В многоуровневой персонажной характерологии песен Галича в качестве одного из центральных выступает образ советского обывателя, от лица которого в ряде песен выстроено повествование. Данное социально-психологическое явление в произведениях Галича гетерогенно: чаще всего это представители простонародной среды, как, например, бывшие заключенные, советские рабочие, служащие и т. д.; но вместе с тем носителями обывательского сознания могут выступать и герои, имеющие немалый социальный статус, – как директор антикварного магазина ("Баллада о том, как едва не сошел с ума директор антикварного магазина…") или "депутат горсовета" Клим Петрович Коломийцев.

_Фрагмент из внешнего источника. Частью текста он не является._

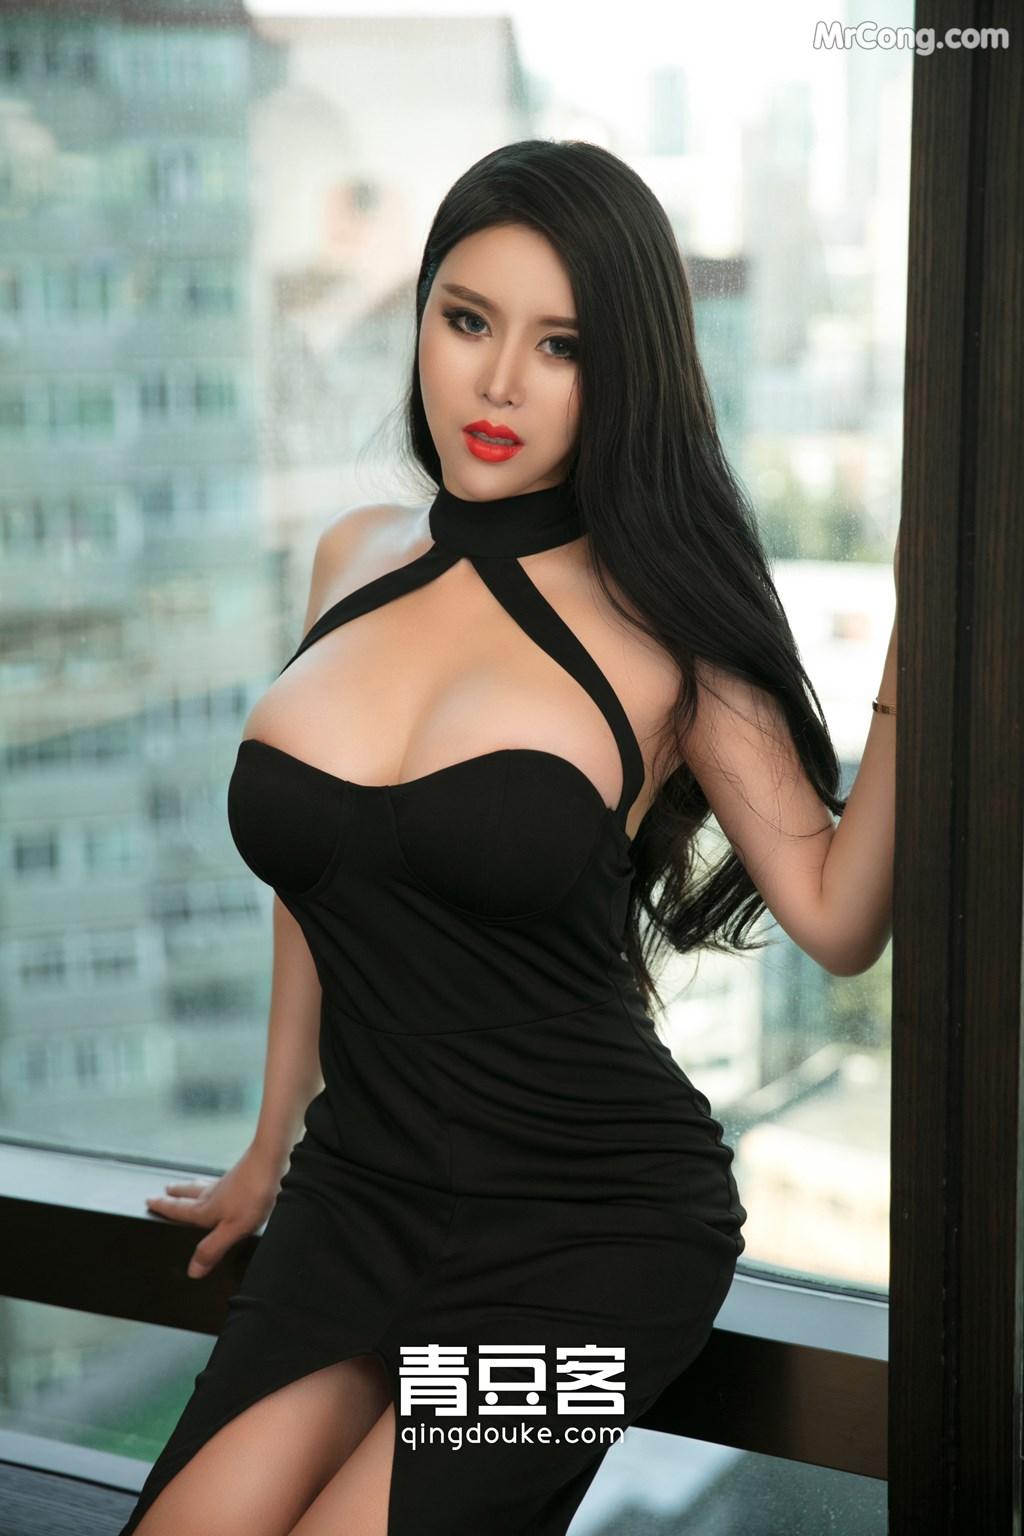 Image QingDouKe-2017-11-05-Ke-Rui-Na-MrCong.com-011 in post QingDouKe 2017-11-05: Người mẫu Ke Rui Na (可蕊娜) (48 ảnh)

Художественная сверхзадача поэта-певца при изображении социальных характеров обозначенного ряда заключалась в исследовании глубин народного сознания; того, как – подчас в мифологизированном виде – восприняты этим сознанием официальные идеологические схемы и реалии повседневного бытия. В обывательской психологии и порожденной ею "вторичной" мифологии о советской жизни Галичу важно отыскать как признаки духовного увечья, несвободы, так и парадоксальное, часто инстинктивное противопоставление душевной искренности, выхолощенных из социальной действительности ценностей общечеловеческого порядка – клишированному тоталитарному дискурсу.
Одно из первых произведений, где Галичем создается пока еще во многом собирательный образ обывателя, – песня "Атлант, или баллада про майора Чистова" (1966).
В бытовом, внешне незатейливом повествовании рассказчика проступает фантасмагорическая реальность тоталитарной действительности. Фантастический сон героя ("Мне приснилось, что я – атлант, // На плечах моих – шар земной!") и особенно чудесное "прозрение" содержания этого сна "майором Чистовым, // Что заведует буквой "Ге"" раскрывают бытие рядового обывателя в условиях несвободы. Образ рассказчика здесь двупланов, ибо в его сне о себе как "атланте", с одной стороны, проявилась зависимость от советской человекобожеской утопии, но с другой – способность души к полету в спонтанном порыве творческого вдохновения. Подобная несводимость героя к однозначной роли передана в его сказовой, эмоционально двунаправленной речи, где сквозь готовность к самоподавлению ради существования в Системе ("И часам к десяти ноль-ноль // Я и вовсе тот сон забыл") диссонирующей нотой прорывается ироническое восприятие этой Системы, неосознанное для себя самого недоверие к ней:
И открыл он мое досье,
И на чистом листе, педант,
Написал он, что мне во сне
Нынче снилось, что я – атлант[1]
В песнях Галича образ обывателя прорисовывался и в ракурсе "коллективного" повествования – как, например, в "Балладе про маляров, истопника и теорию относительности" (1962), где уже в игровом заглавии, тип которого был весьма распространен у Галича и в бардовской поэзии вообще, намечен иронический модус авторской мысли.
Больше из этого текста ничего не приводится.